Practice: Number of Islands
Problem: https://leetcode.com/problems/number-of-islands/
Recognition reminder: the grid is a graph in disguise. Each "1" cell is a node, and two land cells are adjacent when they touch up, down, left, or right (not diagonally). “How many separate islands” is “how many connected components”. You count components by walking the grid; each time you find unvisited land, you flood that whole island and add one.
Signature note
Write your solution as a function num_islands(grid: list[list[str]]) -> int. The grid holds the strings "1" (land) and "0" (water), not integers. The provided test passes a fresh copy of each grid on every call, because the standard flood-fill solution marks visited land by overwriting it (it mutates the grid); the test does not assume whether you mutate or copy, but it never reuses a grid you might have changed.
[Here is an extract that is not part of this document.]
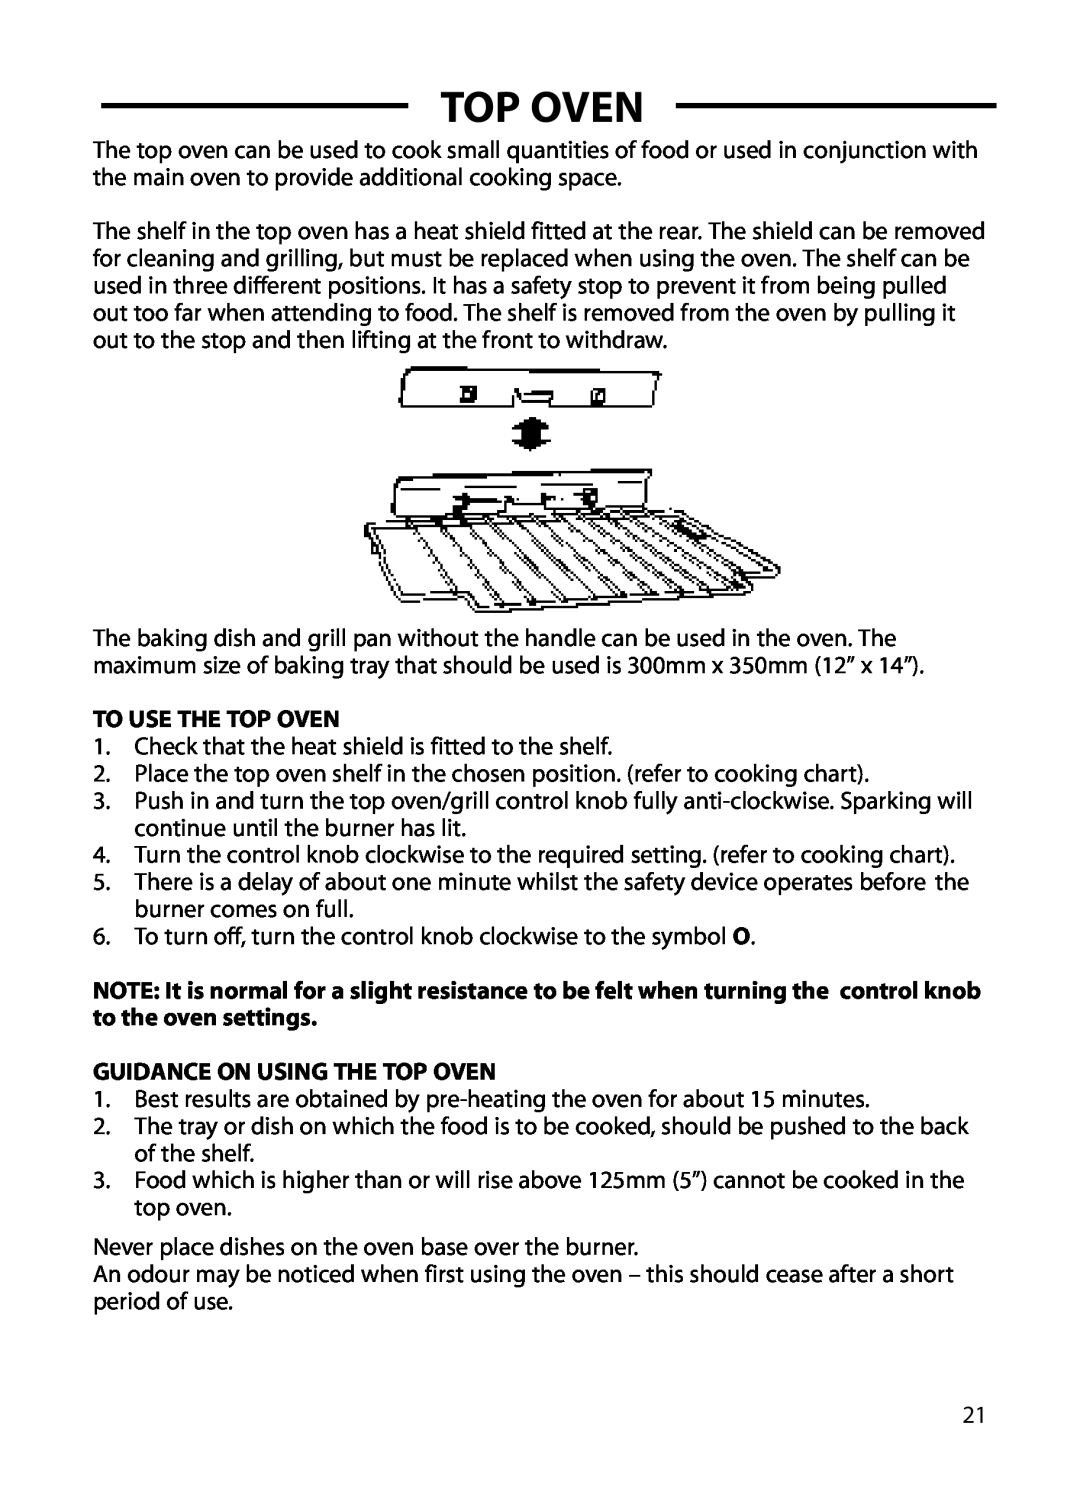 Cannon 10573G, 10574G, 10578G, 10572G, 10576G, 10579G, 10575G To Use The Top Oven, Guidance On Using The Top Oven

Before you start (the five-beat rhythm)
- Your Pattern Card for this week is already written.
- Name the pattern aloud and write your approach as a plain-English comment before any code.
- Struggle floor: 25 minutes unaided. No hints, no AI, no Discuss tab.
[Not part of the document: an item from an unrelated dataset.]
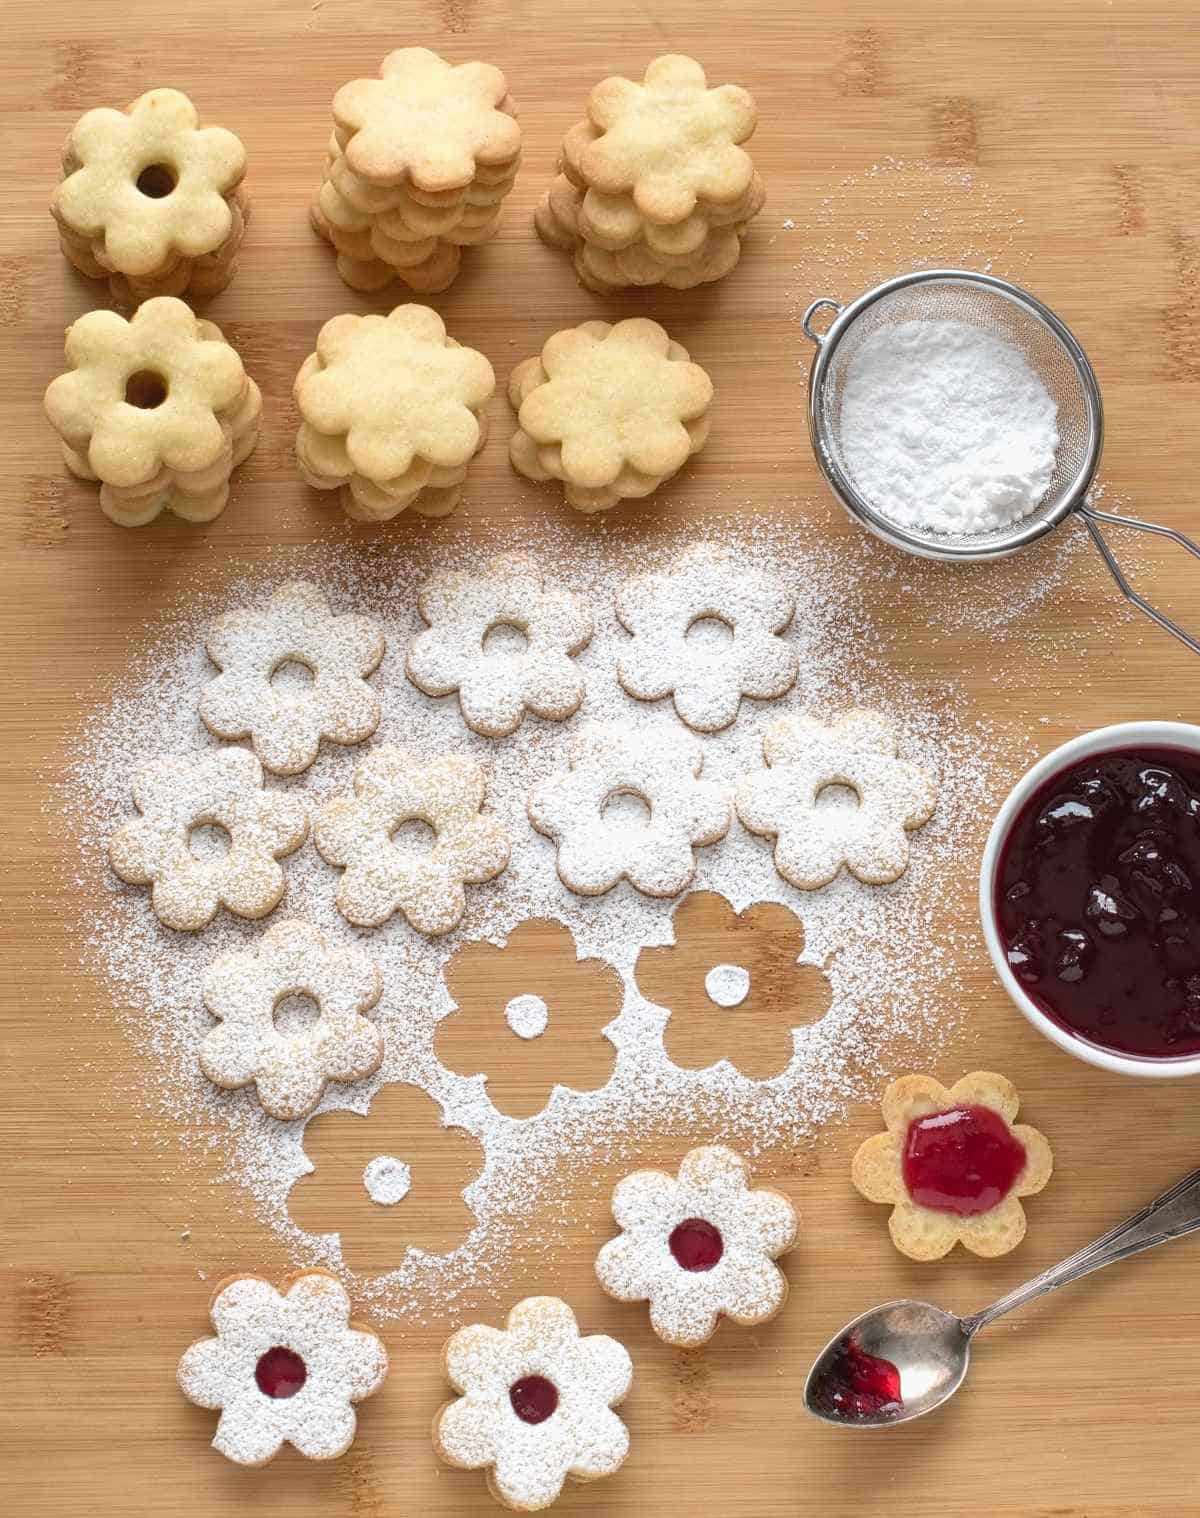 Assembling Linzer cookies dusted with powdered sugar, with red currant jam.

- If stuck past the floor, ask the tutor for a hint. Six rungs, one per ask.
- Debrief in your commit message before moving to the next problem.
Your target
Fill these in yourself before you look at anyone else’s solution:
Target time complexity: ____
Target space complexity: ____
Think in terms of how many cells you visit and how many times you visit each one. The grid has rows times columns cells; a correct flood-fill visits each once.
Where your code goes
Write your solution in your own work repo (see getting-started.md), not in this folder. This folder ships only the problem spec and a provided-example test (tests/test_provided.py) so you can check the given cases locally before you submit to LeetCode’s judge. The judge is the oracle; the tutor will not confirm your answer by reading it.
Debrief (paste into your commit message)
1. What pattern did this turn out to be?
2. What was the trigger phrase or input shape that should have made me reach for it?
3. What was the time and space complexity, and what would dominate at scale?
4. What edge case would have broken my first attempt?
5. What would I do differently in three days when I see this cold?